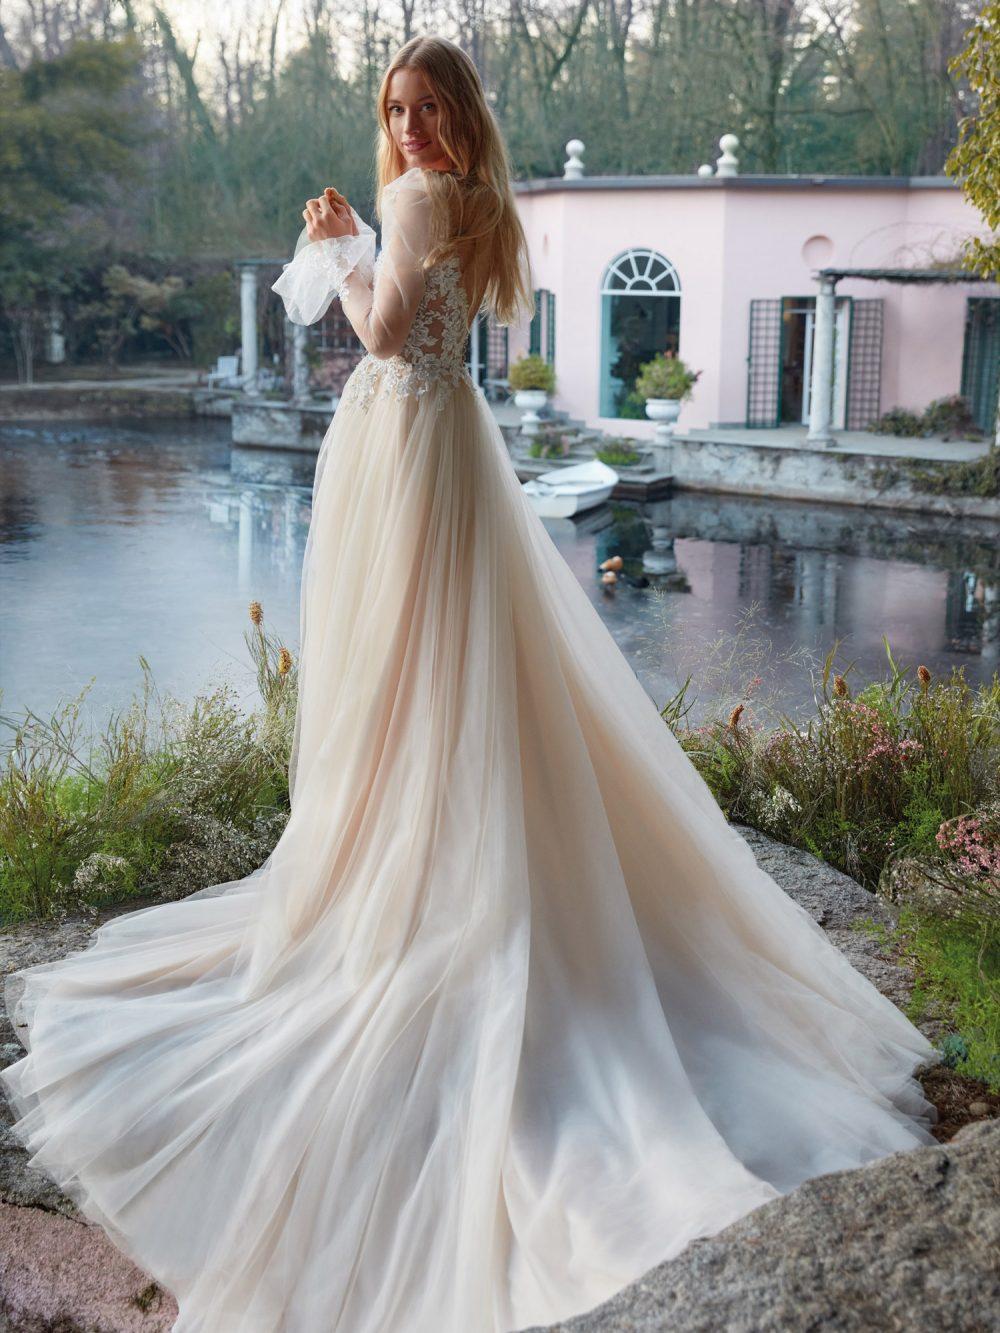 Colet 2022 abito vestito sposa Vicenza HOYA
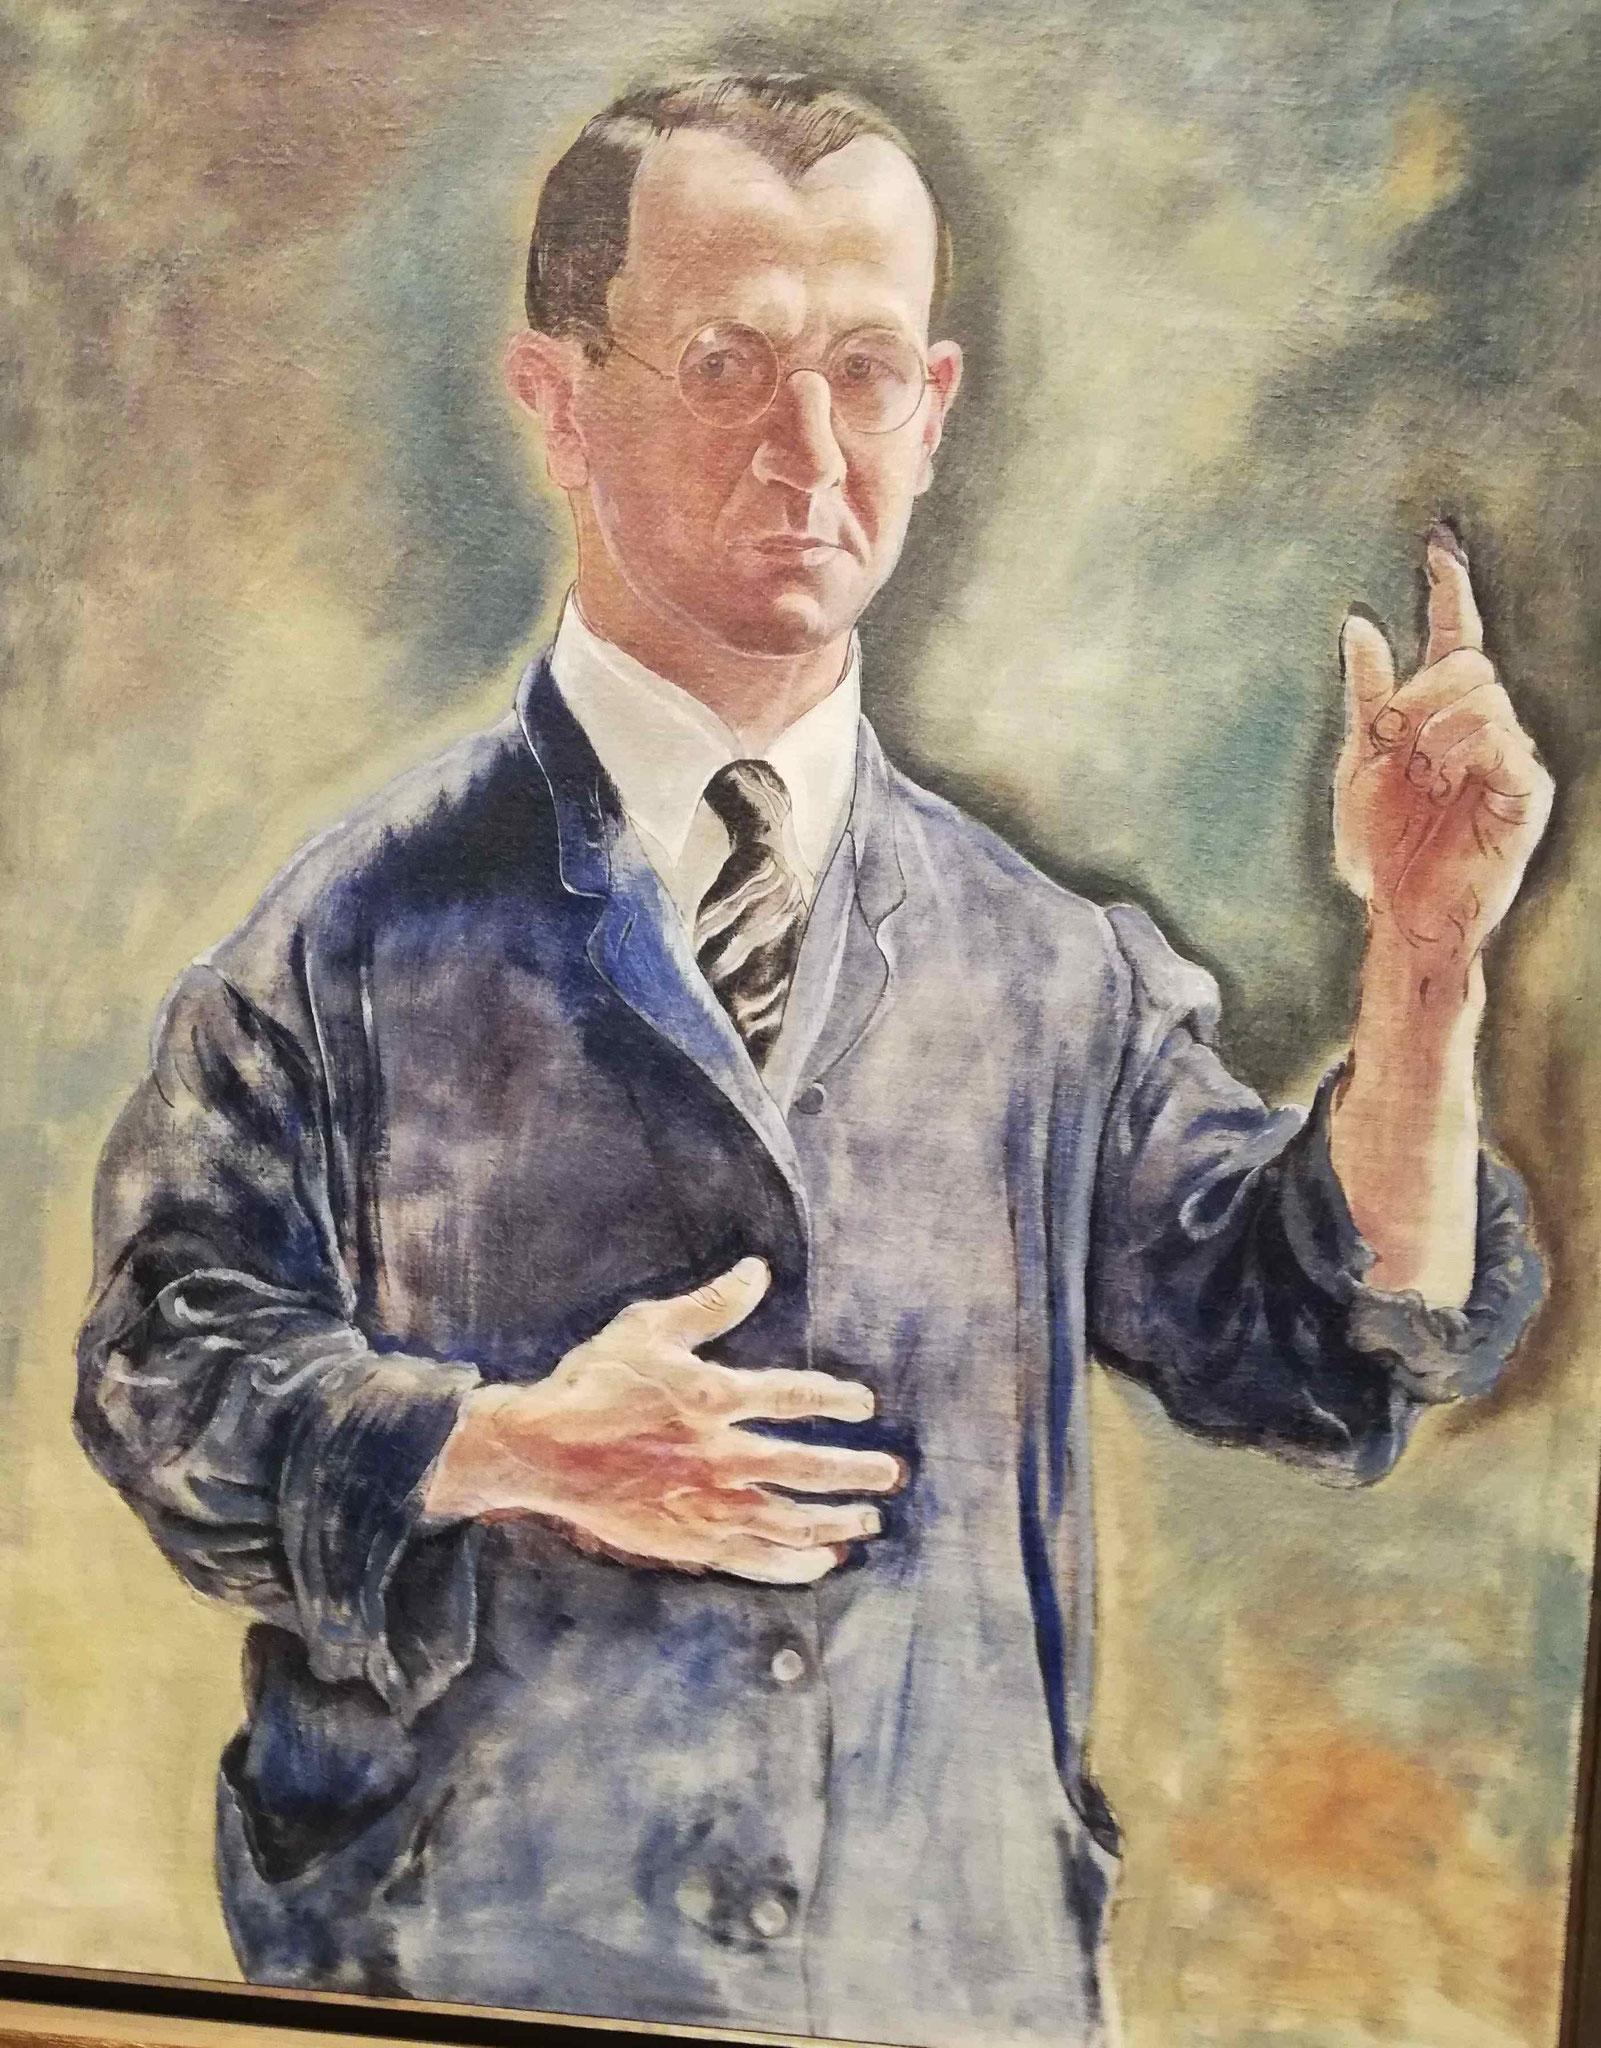 George Grosz, Selbstbildnis als Warner, 1927
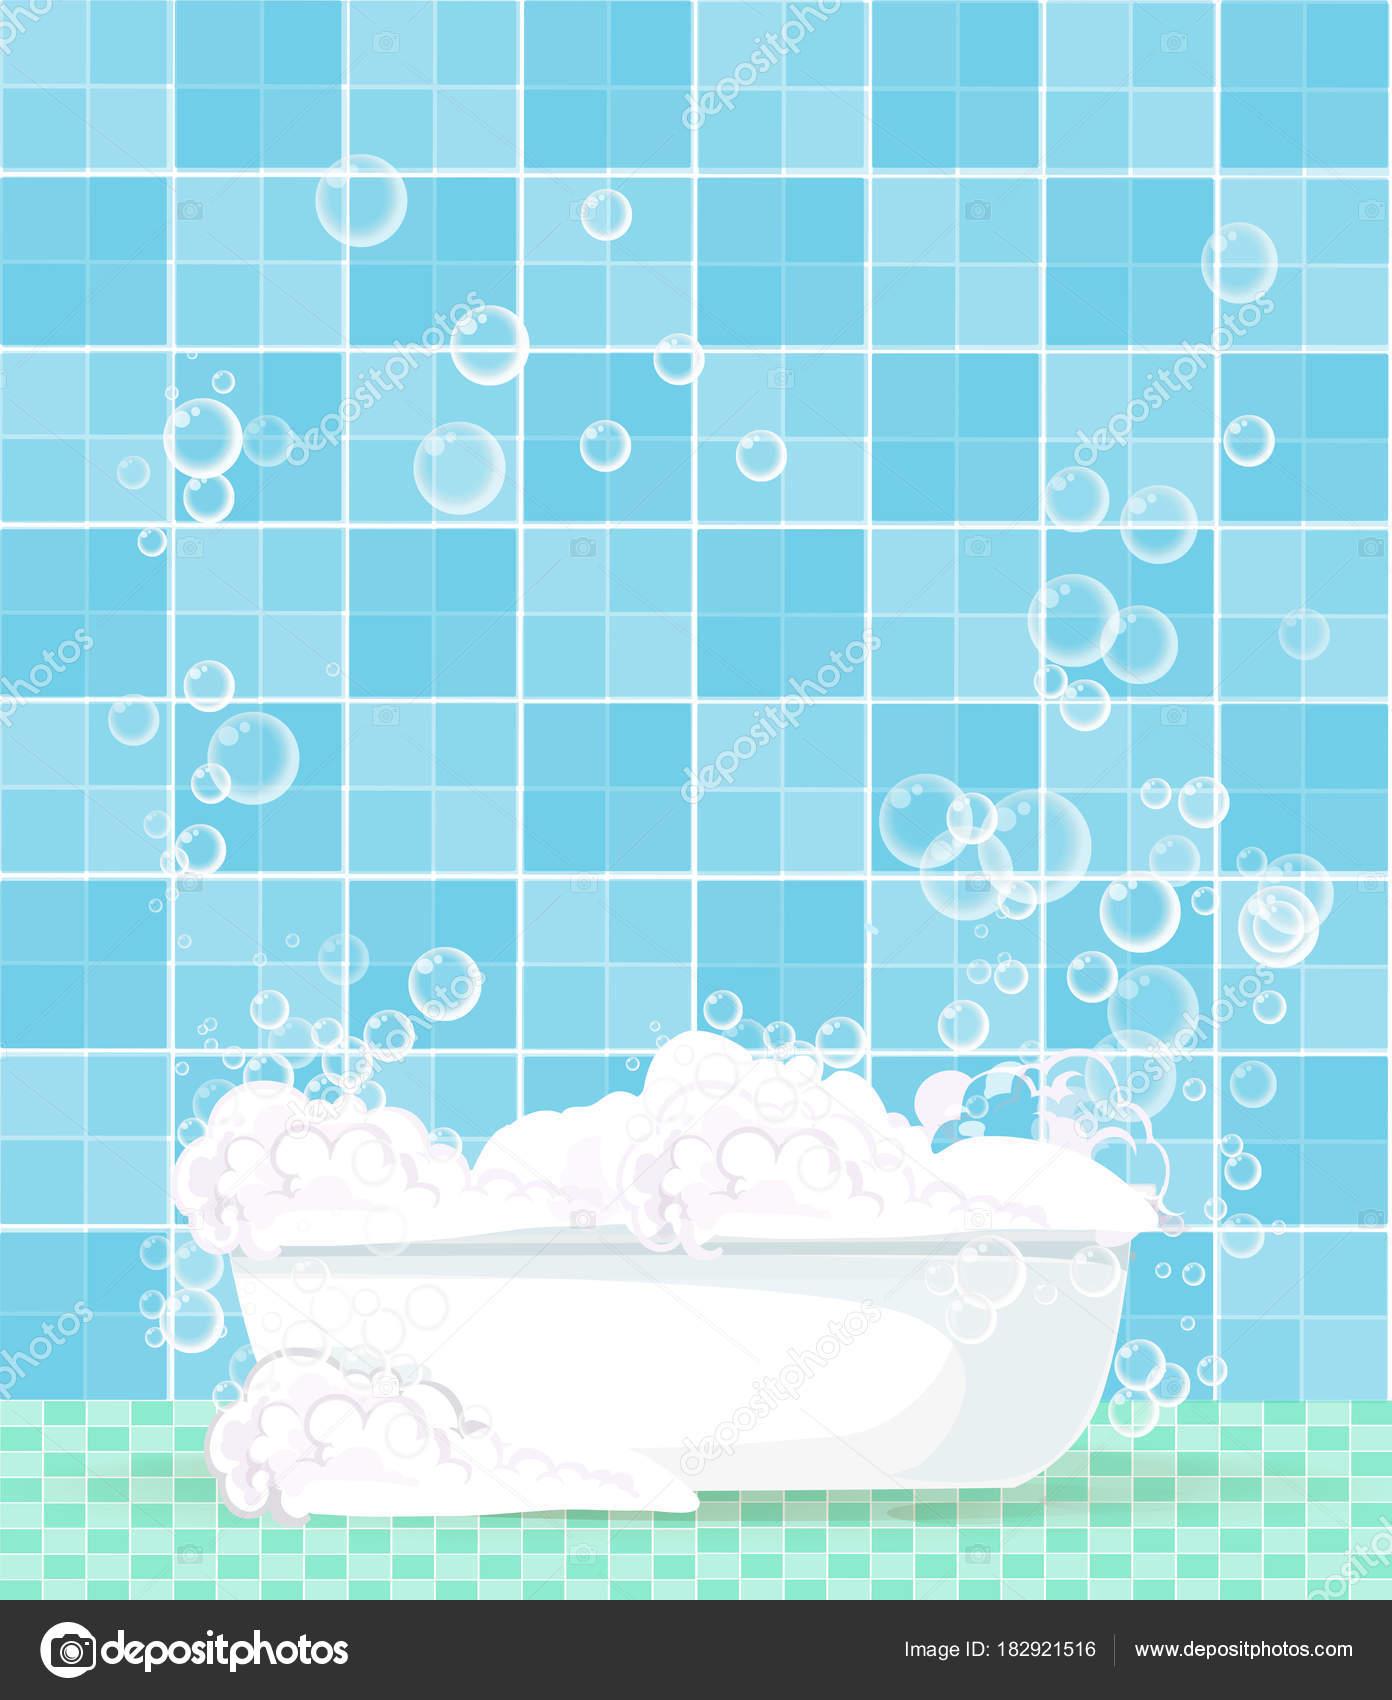 bathtub full of foam with floating soap bubbles 0n blue tiles ...

....

* [EXERCISE DETAILS]:
Reproduce every line of the material above, but drop the pictures.

* [RESULT FOR THIS TASK]:
 Colet 2022 abito vestito sposa Vicenza HOYA
 George Grosz, Selbstbildnis als Warner, 1927
 bathtub full of foam with floating soap bubbles 0n blue tiles ...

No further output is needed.